Task to carry out: When the line containing "GUCCI GG0265S 003 55 ORANGE Sunglasses" appears in the data below, begin copying there and stop only after the line containing "купить EYEDOLL Короткое".

Source records:
/---
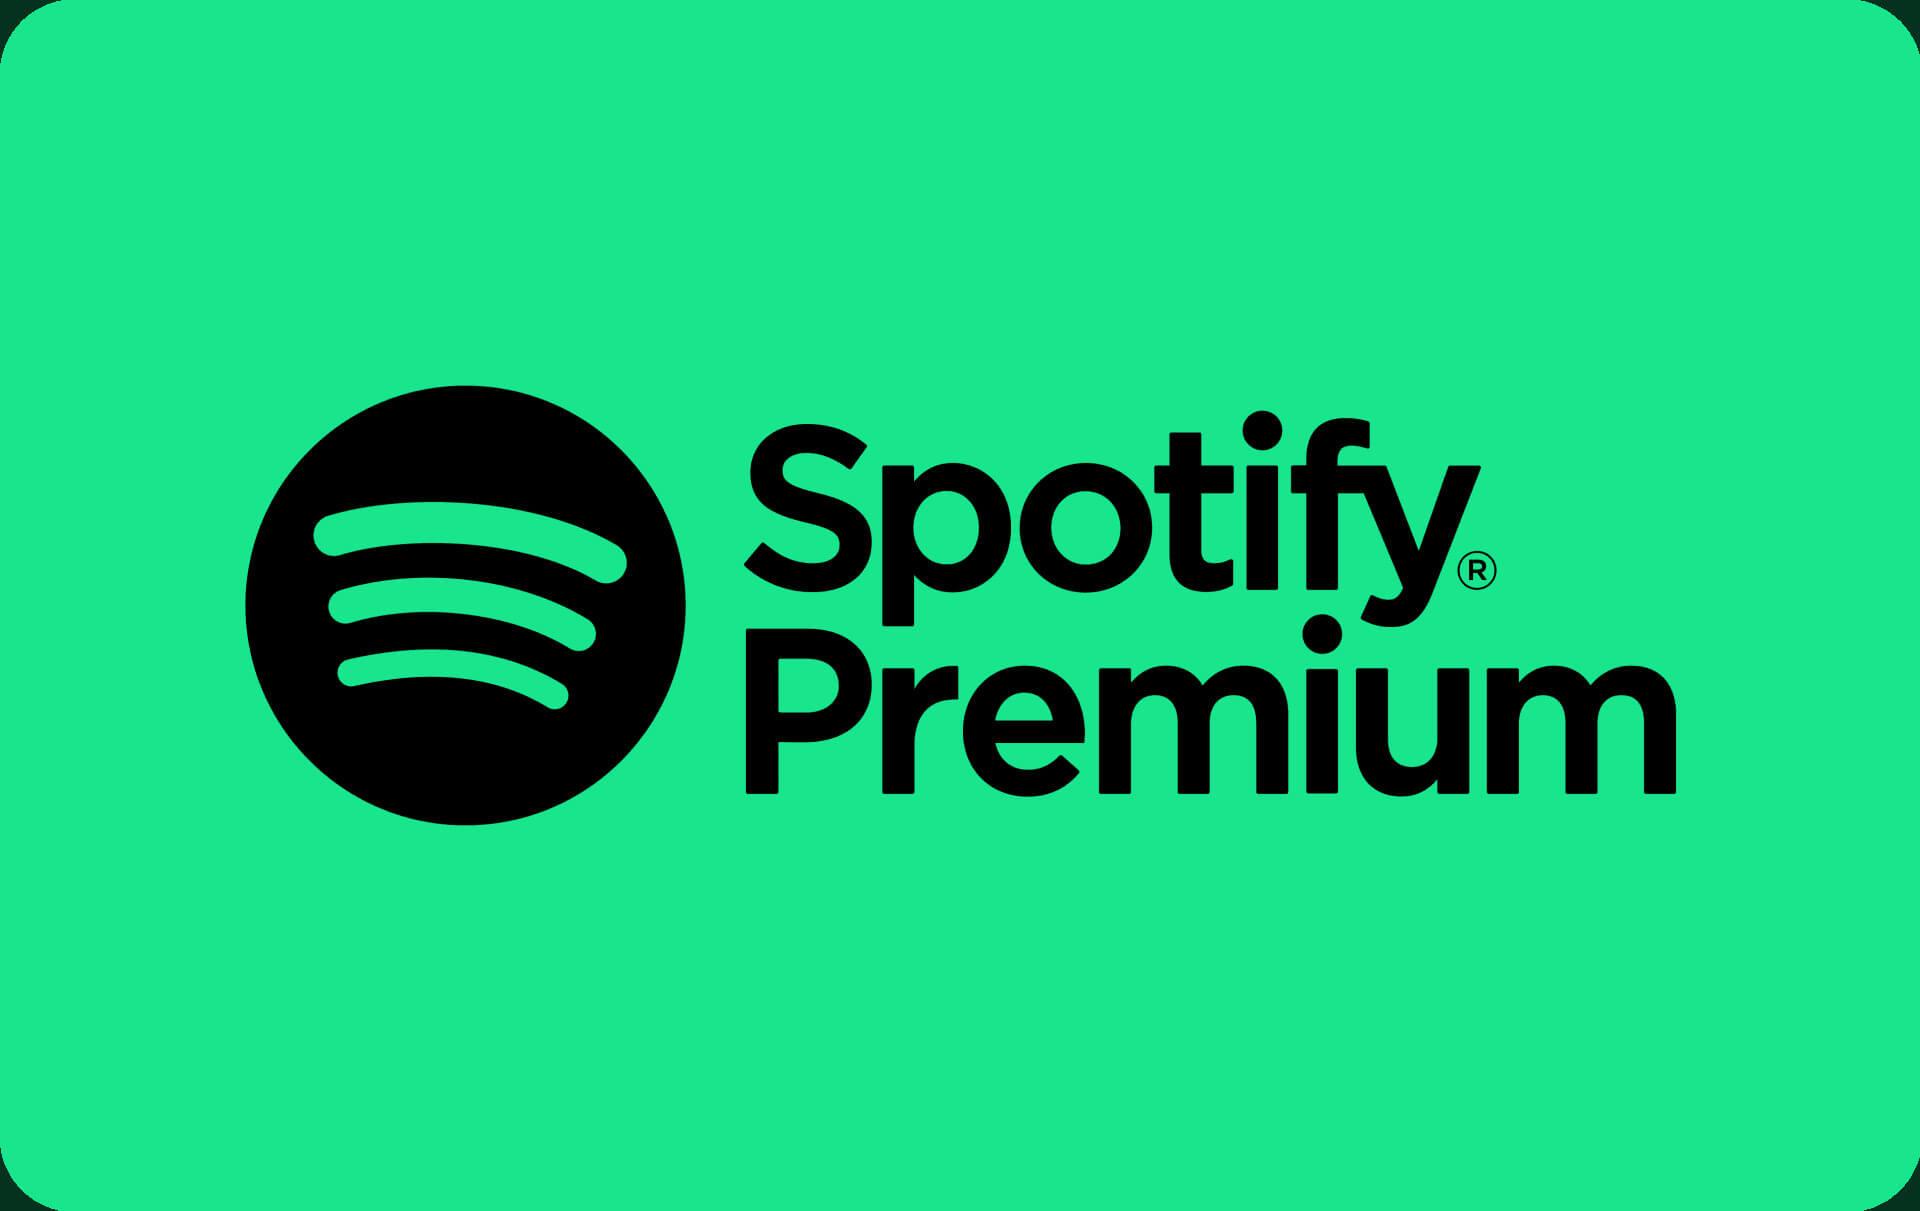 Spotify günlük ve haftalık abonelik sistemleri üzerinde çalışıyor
\---
/---
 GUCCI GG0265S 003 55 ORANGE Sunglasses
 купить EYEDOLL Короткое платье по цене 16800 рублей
\---
Exercise output:
 GUCCI GG0265S 003 55 ORANGE Sunglasses
 купить EYEDOLL Короткое платье по цене 16800 рублей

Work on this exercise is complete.